Start of Given information

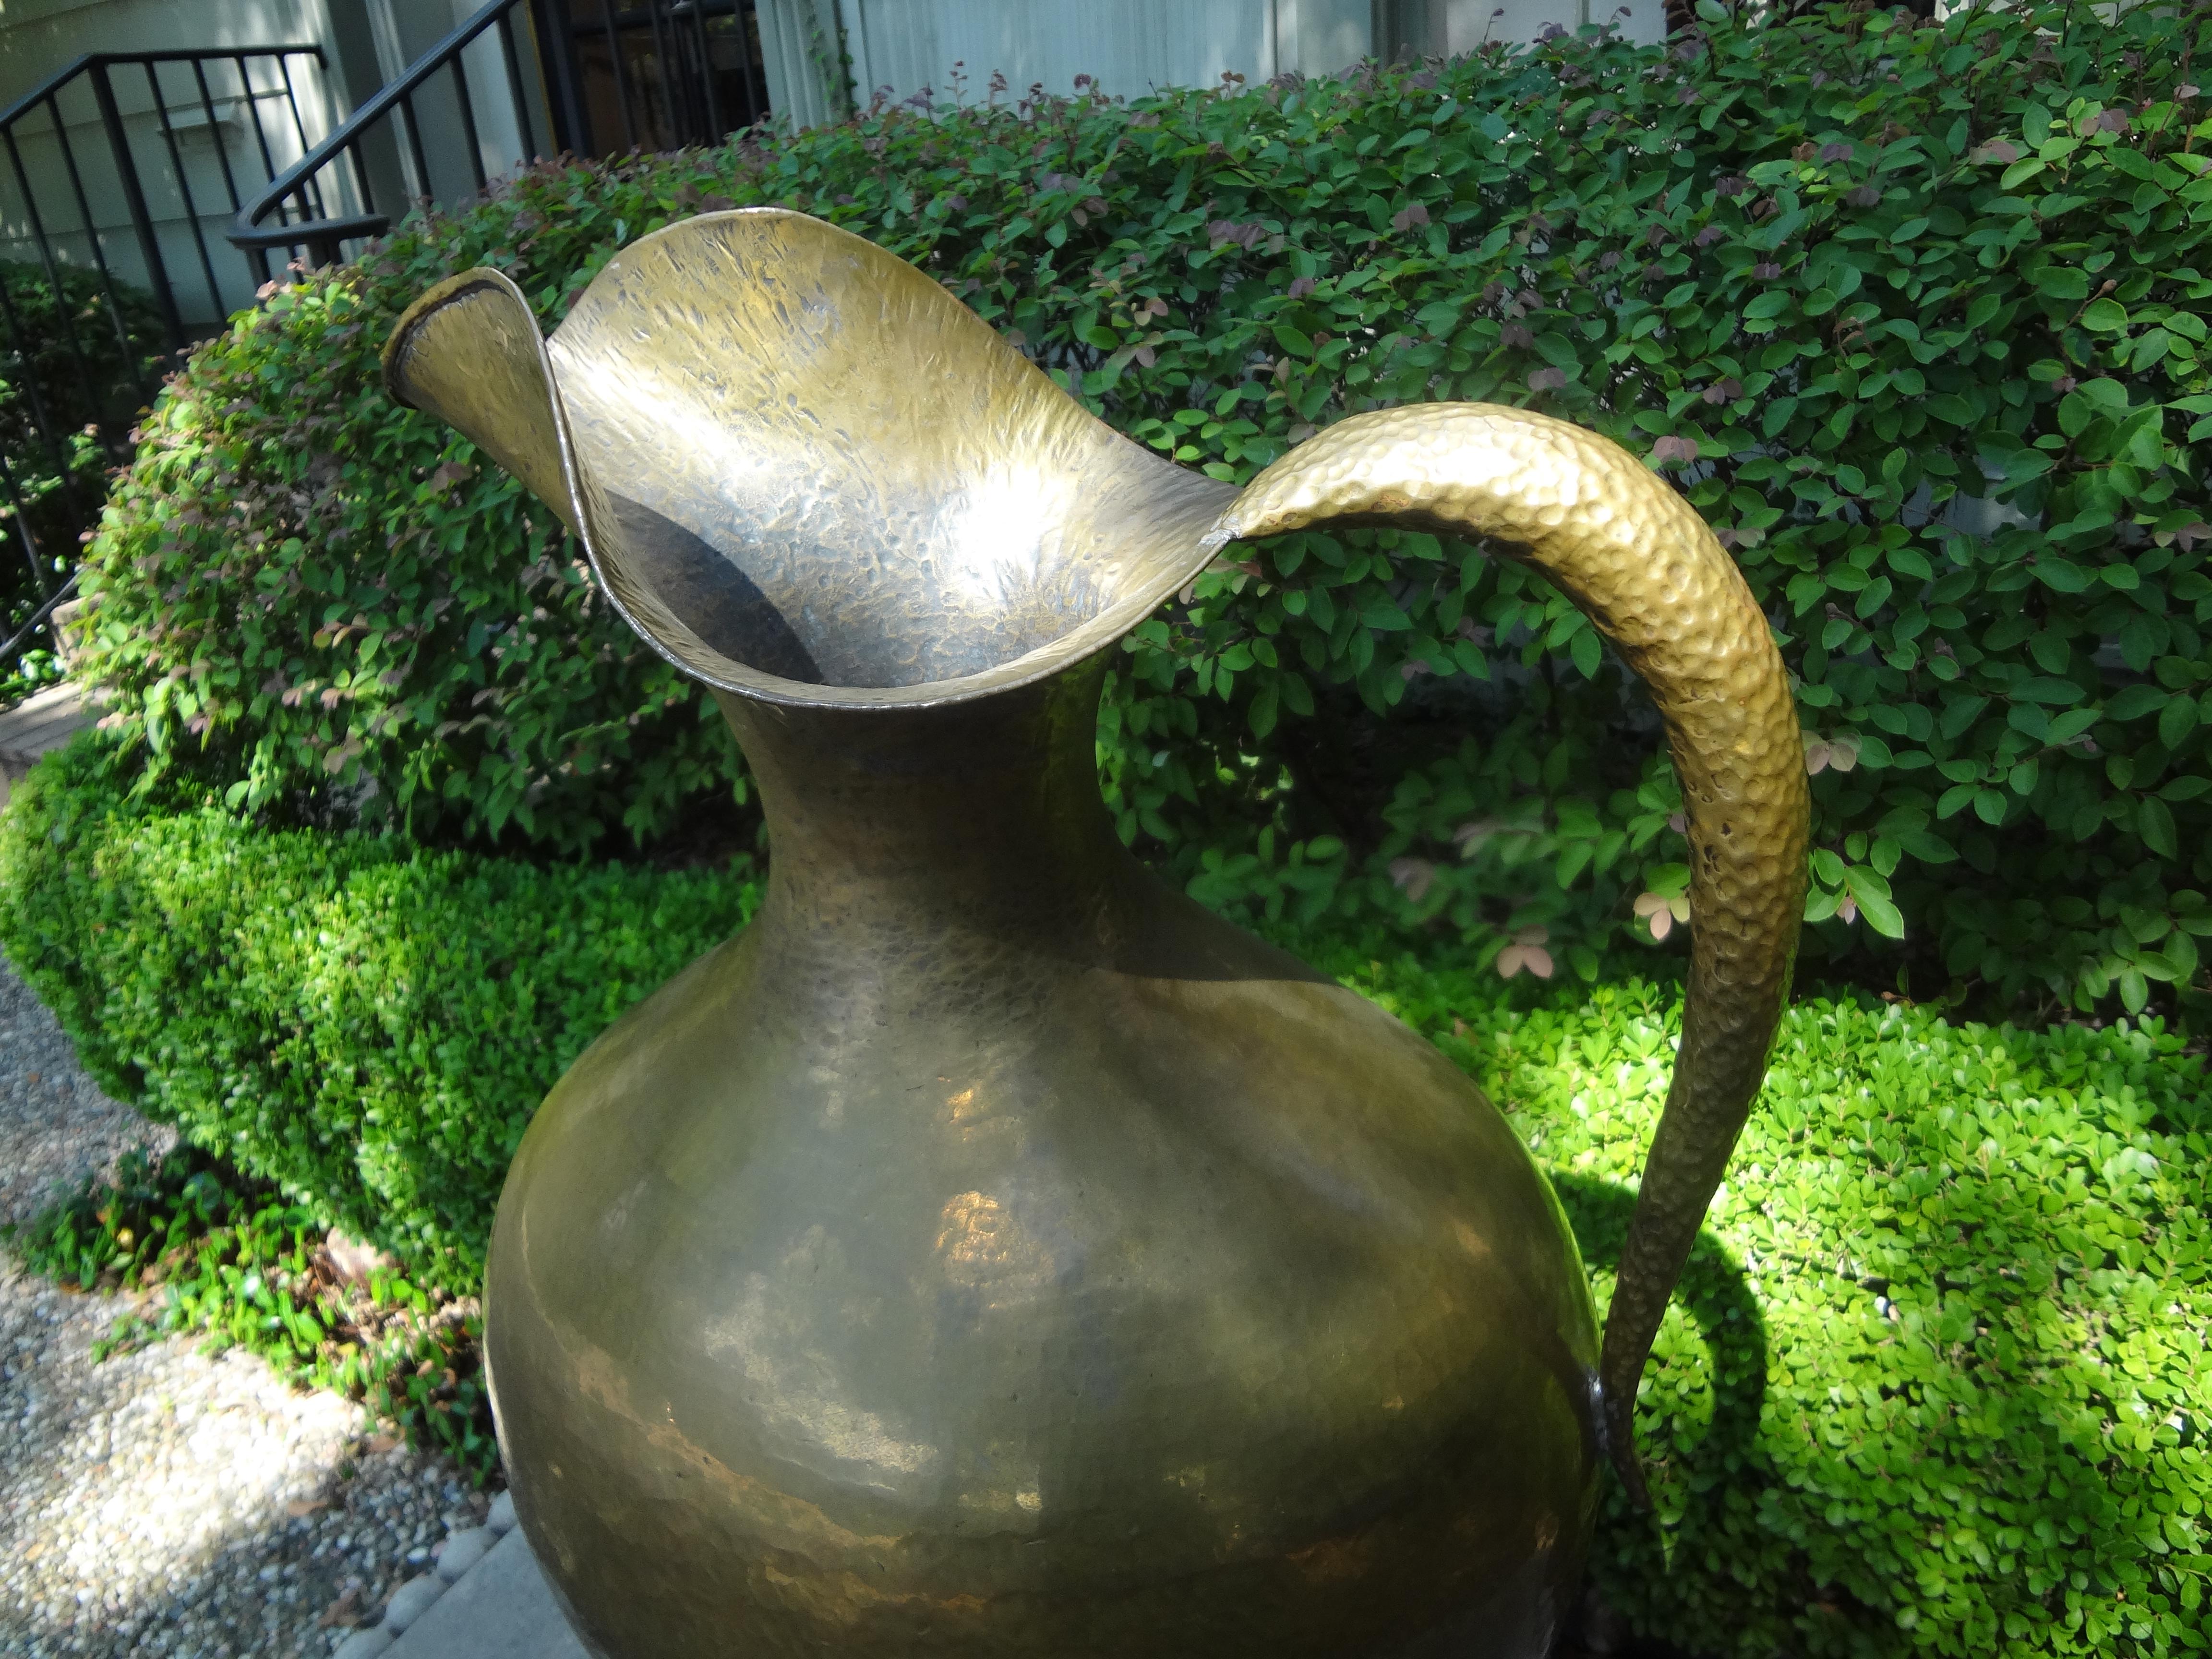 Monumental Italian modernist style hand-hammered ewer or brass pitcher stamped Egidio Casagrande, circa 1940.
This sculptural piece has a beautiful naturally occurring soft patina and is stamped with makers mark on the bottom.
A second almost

End of Given information

- Task objective -
Copy exactly the lines that run from the one with "This sculptural piece" to the last line of the material, including both.

- Exercise output -
This sculptural piece has a beautiful naturally occurring soft patina and is stamped with makers mark on the bottom.
A second almost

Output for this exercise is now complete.